Helping ruling elders in the Presbyterian Church (U.S.A.) function as spiritual leaders in their congregations is the focus of a series of monthly articles set to premiere in mid-April. Titled Regarding Ruling Elders: A Monthly Series for Spiritual Leaders, the series is free and will be available online in three languages: English, Spanish, and Korean.

“Ruling elders are part of the spiritual leadership of the church,” says Martha Miller, manager for ruling elder ministries and educator certification in the PC(USA)’s Office of the General Assembly, who is overseeing the project. She envisions the articles as resources to enable elders to fulfill that responsibility.

Miller says she hopes the new focus on spiritual leadership will help ruling elders understand how “being an elder is different from serving on a nonprofit board.”

The new series builds on a previous series of articles titled Regarding Ruling Elders: A Monthly Series for Serving Faithfully. Posted monthly for the past three years, those articles focused on providing elders with practical tools for polity and governance. They will still be available in an online archive, Miller says.

“We really covered the topics well, and the articles are not time sensitive,” Miller says. She notes that three years is the typical term on session of a ruling elder, so beginning a new series at the three-year mark is a “good transition.”

Articles in the previous series were written by various authors. All of the Spiritual Leaders articles—for the first year, at least—will be written by the Reverend Dr. Diana Nishita Cheifetz, a spiritual director in Alameda, California, whose clients include pastors, seminary students, and other church leaders.

First ordained as a ruling elder and then as a teaching elder in the PC(USA), Cheifetz has served as an interim pastor and continues to serve as a supervisor of spiritual directors and spiritual-directors-in-training. She says her goal is to help ruling elders and other church leaders “enjoy a richer, deeper relationship with God.”

“My articles will focus on personal spirituality in the context of our communal life together,” Cheifetz says. “Elders do a lot of work. I am most concerned about helping fill their cups. I think we all want that—to have this deep well from which we live and move and have our being.”

The series will include devotional pieces, descriptions of spiritual practices, and other resources for growing as spiritual leaders. Cheifetz hopes to make classical spiritual practices, such as examen and lectio divina, “more accessible, relevant, and helpful—to bring them to where people are today.”

Cheifetz believes her own experience with diversity will help her understand the diverse needs of ruling elders in congregations of many different sizes, ethnicities, and cultures. “I’m trying to keep in mind all the churches we’ve been part of,” she says.

Cheifetz is Japanese American, and her husband, the Reverend Jeffrey Cheifetz, also a Presbyterian minister, is of Eastern European Jewish heritage. Together and individually, they have served a variety of churches—from tiny yoked parishes in eastern Oregon to suburban and urban congregations with more than a thousand members.
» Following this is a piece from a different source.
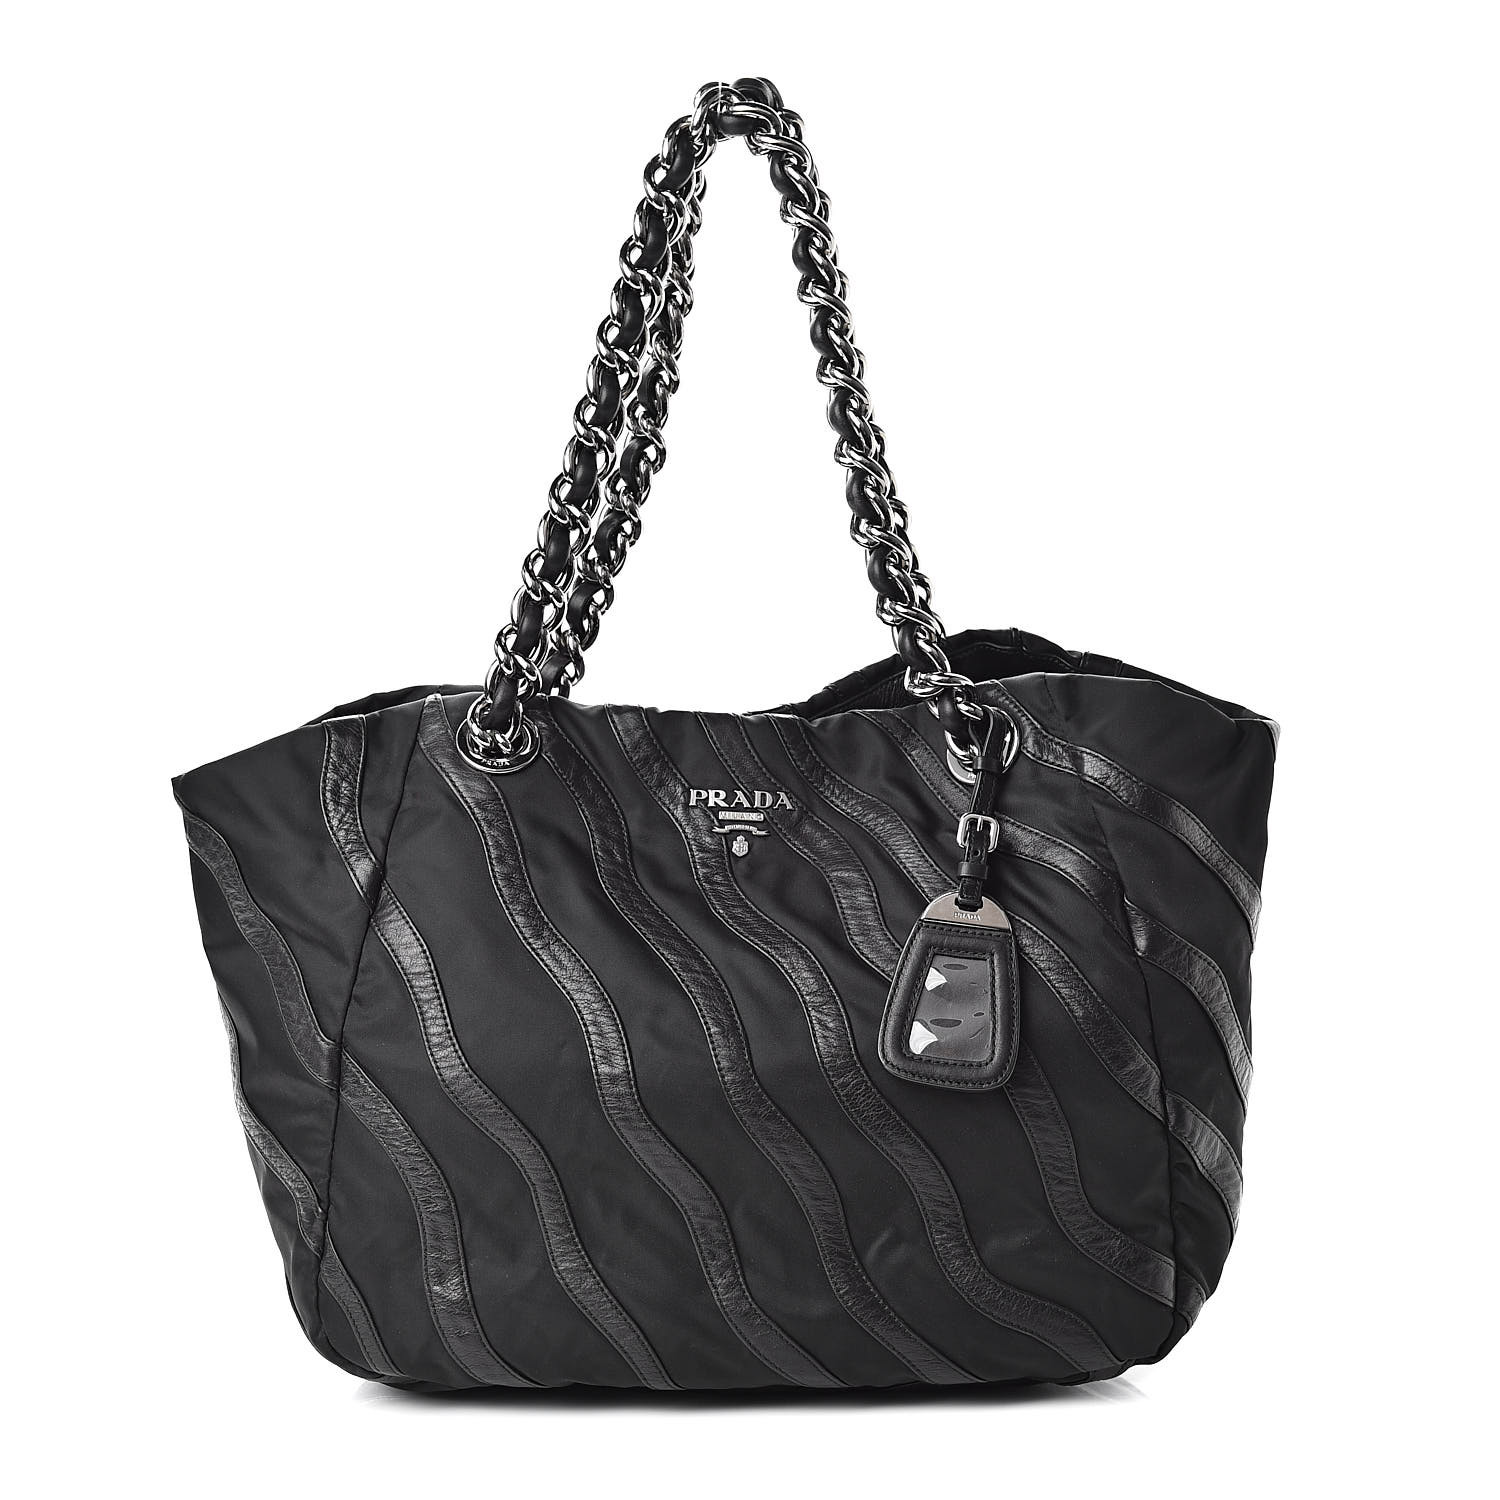 PRADA Tessuto Nylon Calfskin Chain Shoulder Bag Black 507721

Jeffrey currently serves a majority Chinese American congregation in San Francisco.

“A lot of Christian spirituality comes out of a white Western European orientation,” Cheifetz says. “I’m interested in making it more adaptable for communities of color.”

Articles in the previous Regarding Elders series have been used in a variety of ways, Miller says. For example, pastors have used them to open session meetings and have included them in regular mailings to elders. More than 600 names have been added to an online Ruling Elder Network to receive links to the articles by email as soon as they are published.

Information about the new series as well as archived articles and other resources for ruling elders is available at pcusa.org/rulingelders.